The probability of choosing among options $X_1$, $X_2$, $X_3$, $...X_n$ is initially uniform, i.e. $P(X_j)=1/n$. On choosing $X_j$, either success or failure will occur (with unknown probabilities, but irrelevant to this question), and $P(X_j)$ immediately becomes $$\frac{\text{Past Successes of }X_j}{\text{Past Successes of }X_j + \text{Past Failures of }X_j}$$
while the probability of the rest of the options diminish proportionally, to normalize the space.
I know in general this is known as "reinforcement learning," but I'm wondering if there's a specific name for this exact, naive algorithm (or the class of such in which this is an instance).
Allow me to walk through a quick example:
- We have options A, B, and C, the probability of each being, initially, $\frac{1}{3}$.
- We choose option B, and it succeeds. Therefore, the probability of B is now $\frac{1}{1+0}$, and the probabilities of A and C adjust to $0$ in order to normalize the probability space to 1.
- We then choose, helplessly, option B again, since its probability is 1. This time, it fails. Therefore, the probability of B is now $\frac{1}{1+1}$, and the probabilities of A and C adjust to $\frac{1}{4}$.
- We then choose, by chance, option C, and it fails, too. Therefore, the probability of C is now $\frac{0}{0+1}$, and the probabilities of A and B, formerly $\frac{1}{4}$ and $\frac{1}{2}$, adjust to $\frac{1}{3}$ and $\frac{2}{3}$.
And so on and so forth.
Is there a specific name by which this algorithm is known?
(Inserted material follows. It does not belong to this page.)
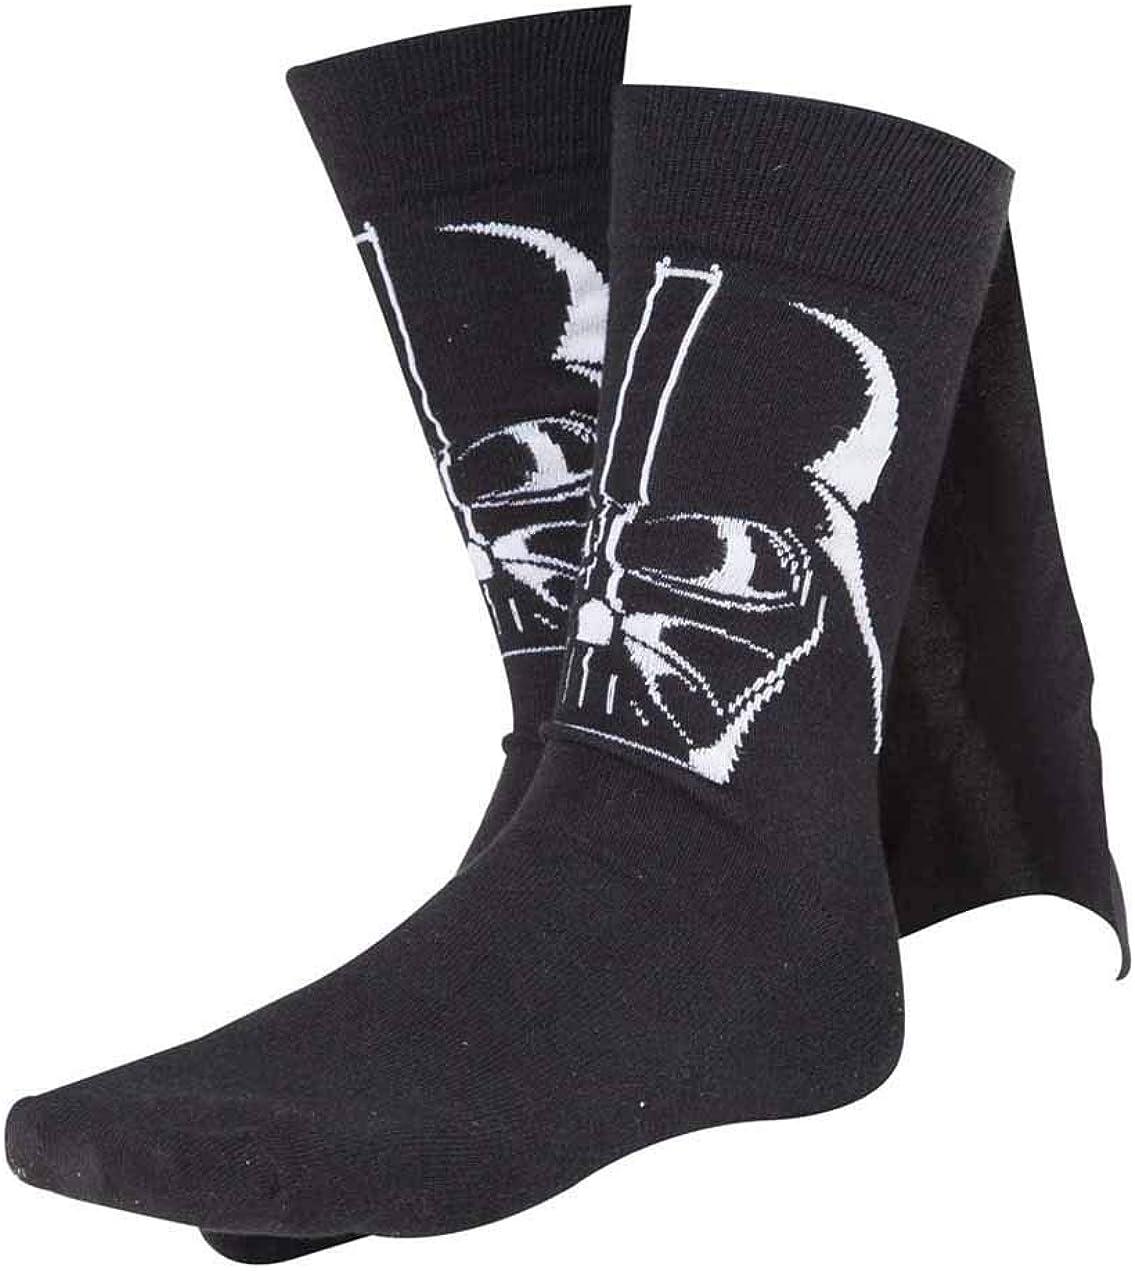 Meroncourt Darth Vader Cape Calcetines para Hombre

(And in case I'm curious later, as I wouldn't like to ask a separate question for this, is there a name for this algorithm but with decaying "memory" of past successes and failures? I imagine it'd simply be descriptive, e.g. "__ with a decaying function." But, it'd be great if there was a name by which an audience would know exactly the system I'm talking about.)
Thank you in advance.